OneCoin was promoted as a blockchain-based cryptocurrency through an offshore company OneCoin Ltd. registered in Dubai and founded by Ruja Ignatova, a Bulgarian national. According to the claims made by the company, OneCoin is a cryptocurrency that works like any other digital currency system whose coins can be made through a mining process, and the coins can be used for making payments anywhere in the world.
But there is no specific clarity of the working blockchain model of OneCoin. OneCoin is also known for selling educational materials and courses for cryptocurrencies, investments, trading, and other subjects related to financial analysis. However, OneCoin has been labelled as a global Ponzi Scheme and the biggest cryptocurrency scam ever. Let’s navigate the details.
What is a Ponzi Scheme?
A Ponzi scheme is a type of financial fraud or investment scam where the investors are promised high rates of returns and profits with minimum risk. The scheme traps the investors into a false belief that the returns are generating from the sales of a product or any other means; however, they remain unaware of the fact that the source of funds is other investors. The returns for the early investors are generated by collecting the funds from the new investors.
OneCoin: A Cryptocurrency Scam
OneCoin is an international Ponzi scheme and was created as a fake online cryptocurrency by its founders to deceive the investors. The company used the terminologies of real digital currencies to reflect a genuine and authentic impression of its business model. The target audience of OneCoin included all those people who were not aware of the cryptocurrency and technology mechanism. Even the education material and packages sold were plagiarized.

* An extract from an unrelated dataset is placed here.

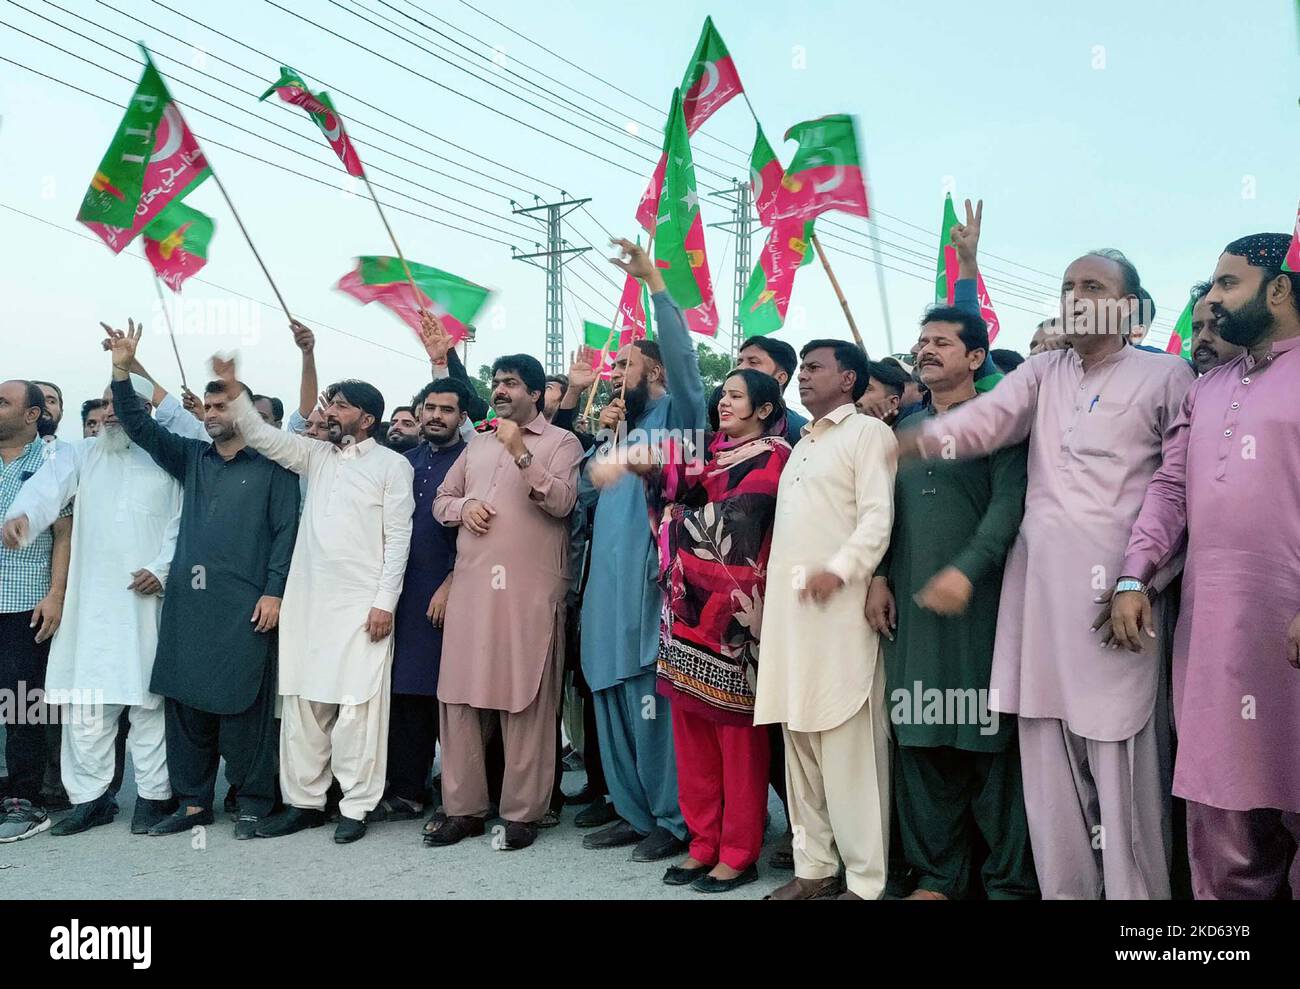 Members of Tehreek-e-Insaf (PTI) are holding protest demonstration against assassination attempt on Imran Khan, PTI Chairman during Long March in Wazirabad, held in Sukkur on Saturday, November 05, 2022. Stock Photo

The worst part of the entire scam is the company never had a blockchain, to begin with. The concept of ‘mining’ was fake, and the new miners were told to wait for at least three to six months before their currency can be mined. The transactions were observed without the use of blockchain technology. It was believed that they were using a centralized database to run OneCoin. Eventually, the company also revealed that the SQL database that was put into use was not capable of operating a blockchain.

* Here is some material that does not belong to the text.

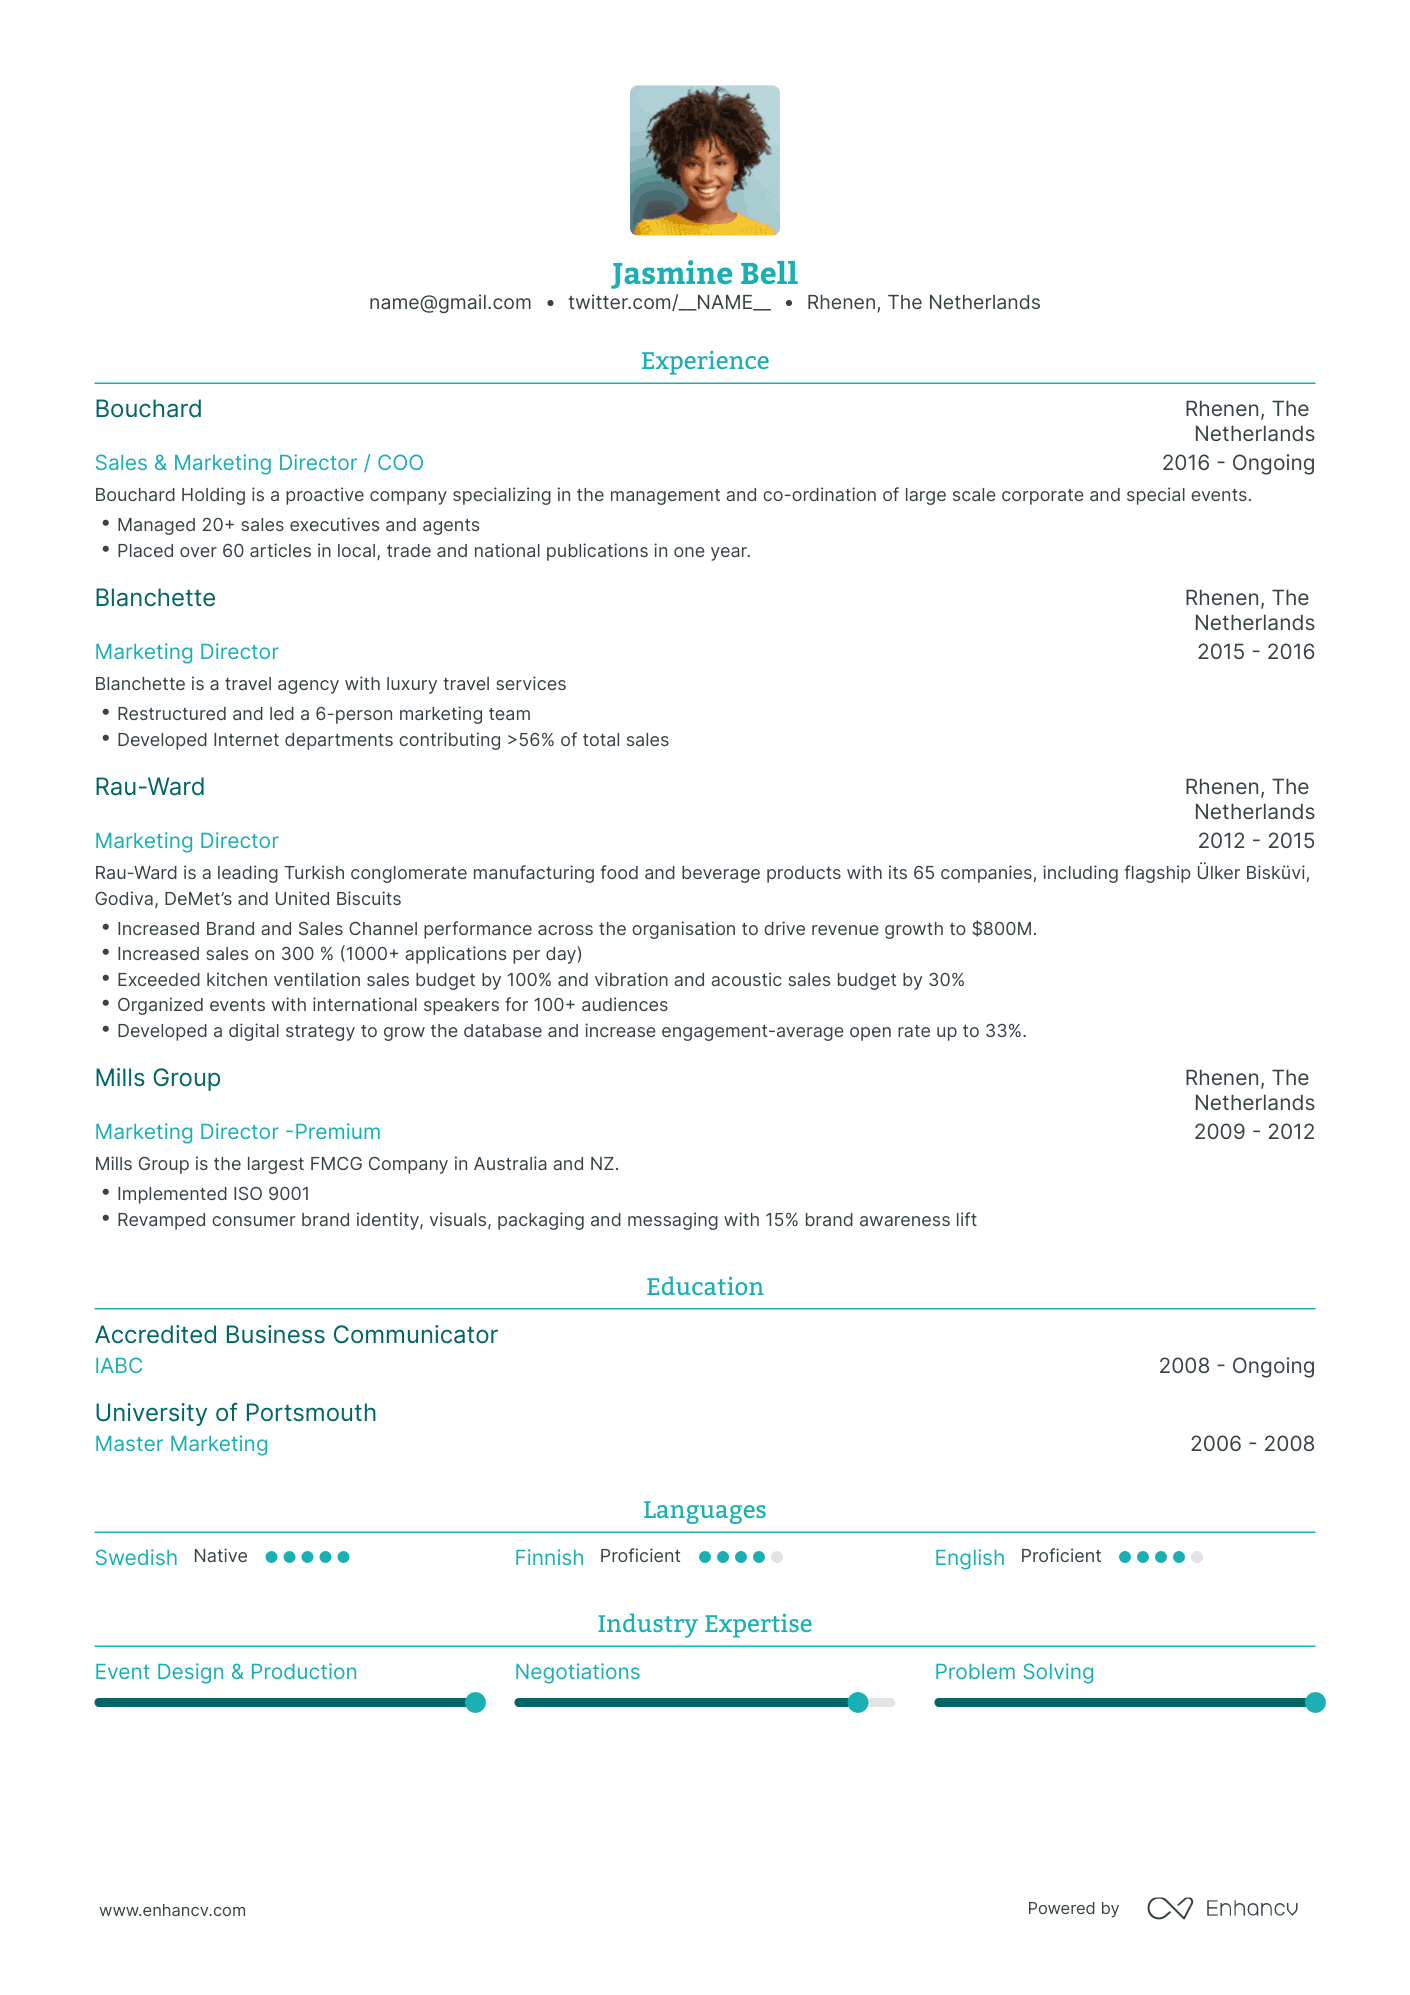 Traditional VP Marketing Resume Template

OneCoin had an organizational structure similar to a pyramid scheme where everybody was actually paying to the individual above. So, there were two sections of the company. The first section was OneCoin itself responsible for marketing and spreading the platform.
In contrast, the other section of the company was composed of affiliates who were bringing in people for earning a commission. Local promoters would organize meetups to spread OneCoin, and even the webinars were also hosted. They had gathered maximum growth in Asia, particularly China, and that’s why the country was hit the hardest. OneCoin was successful in running a $2 billion cryptocurrency pyramid scheme in China.
The founders of OneCoin and many other associated executives were formally charged, and the US Authorities had declared OneCoin to be a fraud. It is crucial for us to know the basics and fundamental concepts of crypto and blockchain to avoid getting affected by such scams. We should be able to identify the scams by analyzing and understanding the platforms properly before investing our money.